Comment by Jaxkr
6 years ago
Static dictionaries or models in compression algorithms are not “cheating”. Brotli, for example, achieves amazing results with its [static dictionary](https://gist.github.com/klauspost/2900d5ba6f9b65d69c8e).
However, I agree with you on the real-world uselessness of a GPT-based compression algorithm.
That’s why I put “cheating” in quotes — it’s pragmatic, but it complicates the comparison into something that can’t be measured in a single number. I grant you that typical bechmarks ignore the static dictionary in comparing Brotli to other compressors, but they also ignore the size of the binary itself. This is because both are assumed to be small and highly general, and GPT2 violates both assumptions. Brotli’s dictionary is 122 KB and covers many natural and programming languages, whereas GPT2 weights are 5 GB and only cover English. No real-world static dictionary is even a thousandth of that size.

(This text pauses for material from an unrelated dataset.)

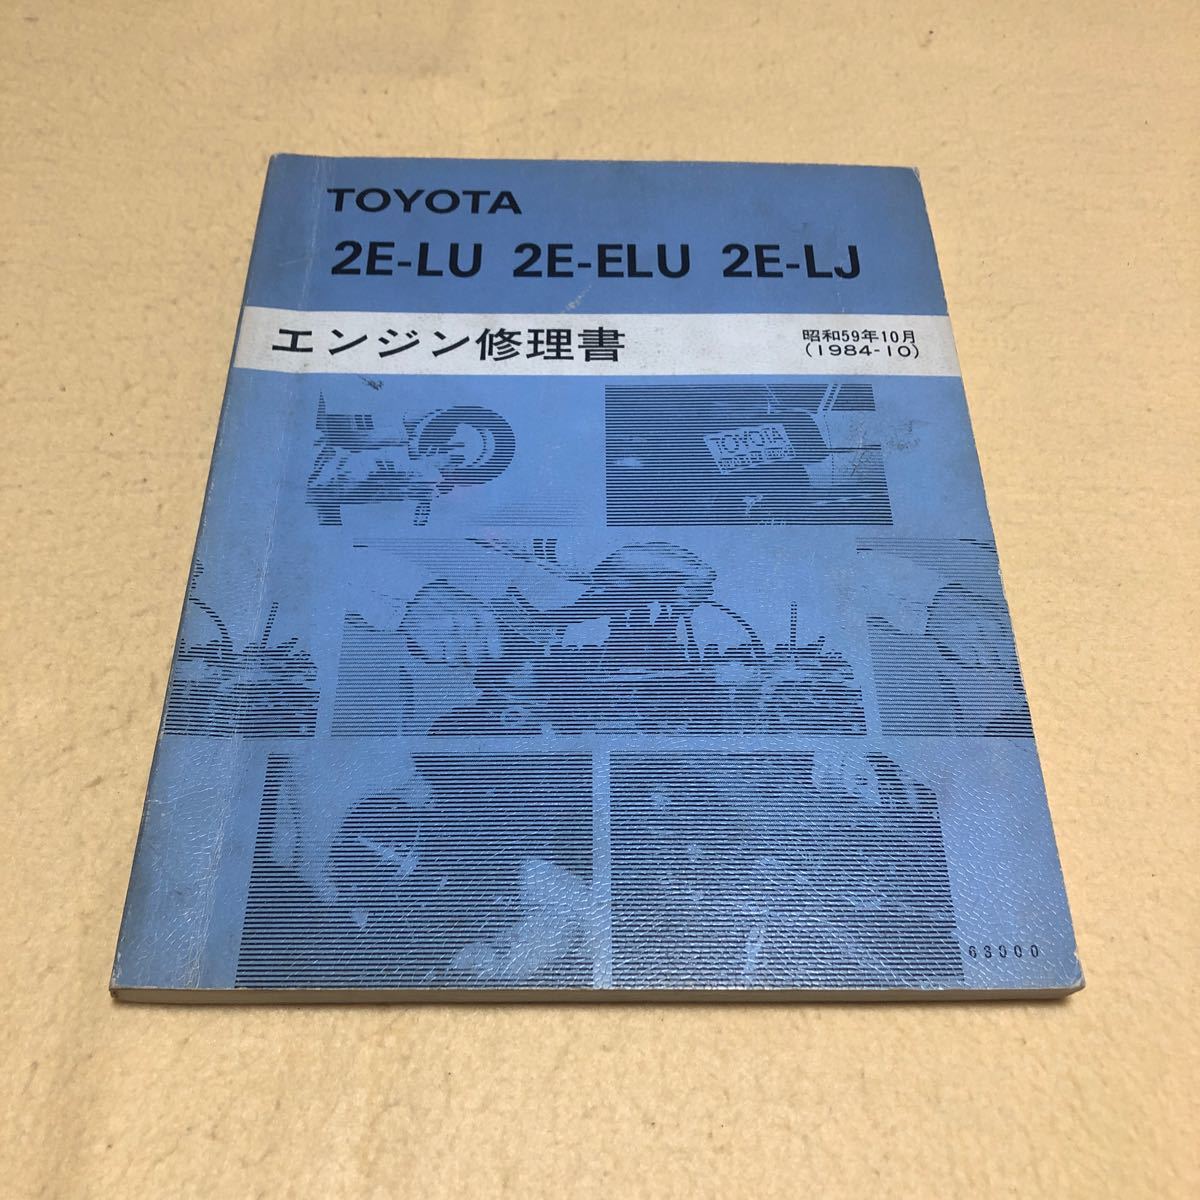 トヨタ 2E-LU 2E-ELU 2E-LJ 昭和59年10月 1984年10月 エンジン修理書 サービスマニュアル 中古☆_画像1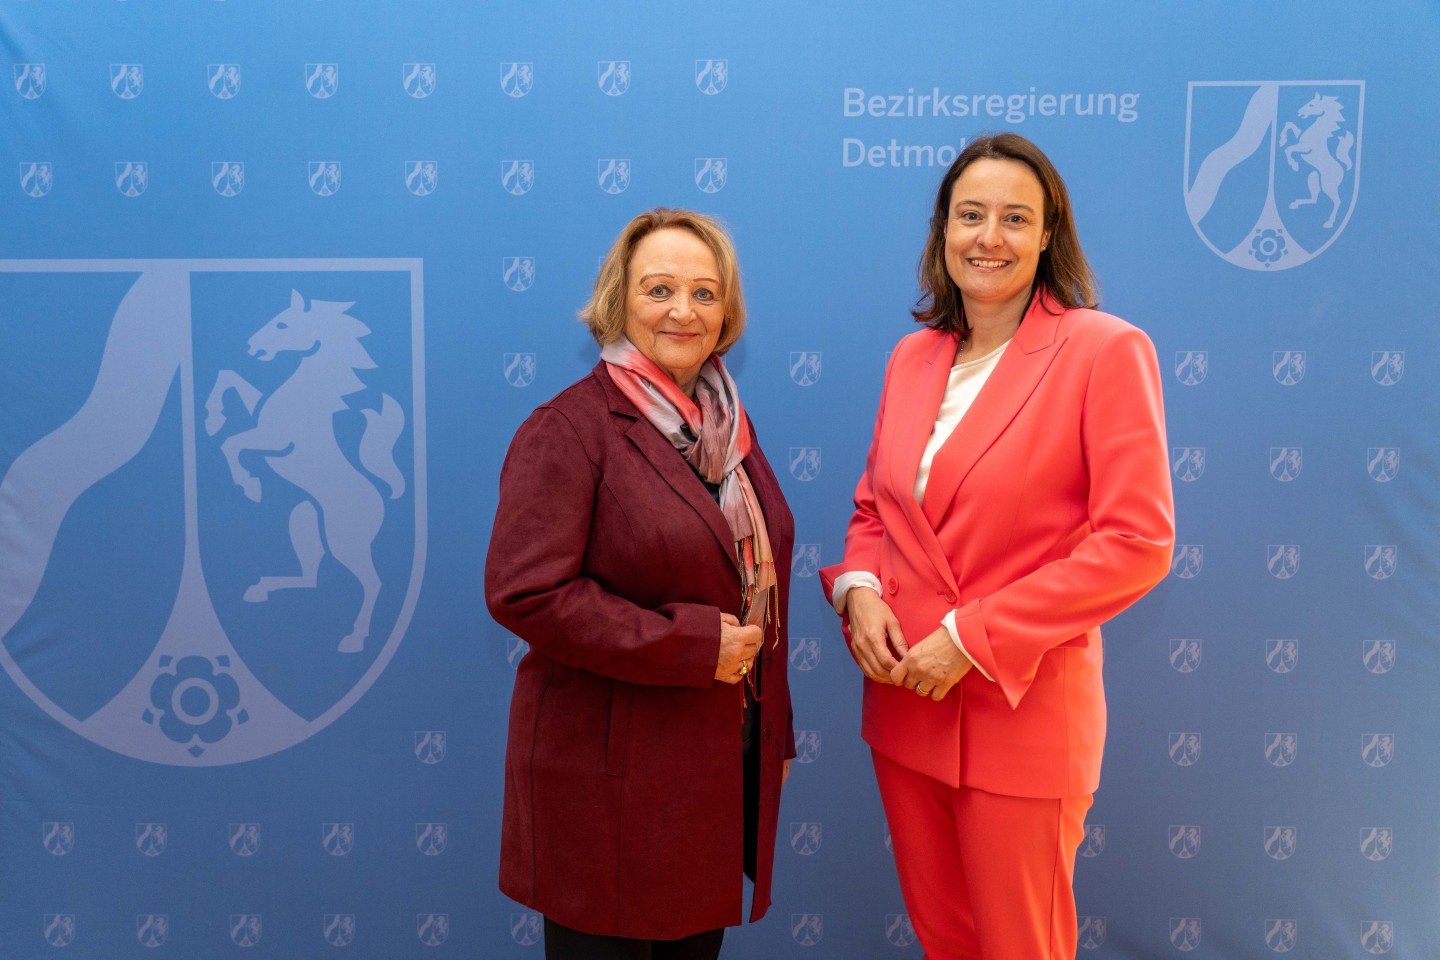 Bildunterschrift: Auf Einladung der Regierungspräsidentin Anna Katharina Bölling (rechts im Bild) und der Antisemitismusbeauftragten des Landes Nordrhein-Westfalen Sabine Leutheusser-Schnarrenberger (

Large static dictionaries exploit a loophole that would make comparisons meaningless if carried to the extreme — you could trivially include the entire benchmark corpus in the decompressor itself and claim your compressed file size is 0 bytes. That’s why the Hutter Prize rules are what they are.
The parameters are a 'signature' of previous texts in many ways. Perhaps this is essentially a form of authentication?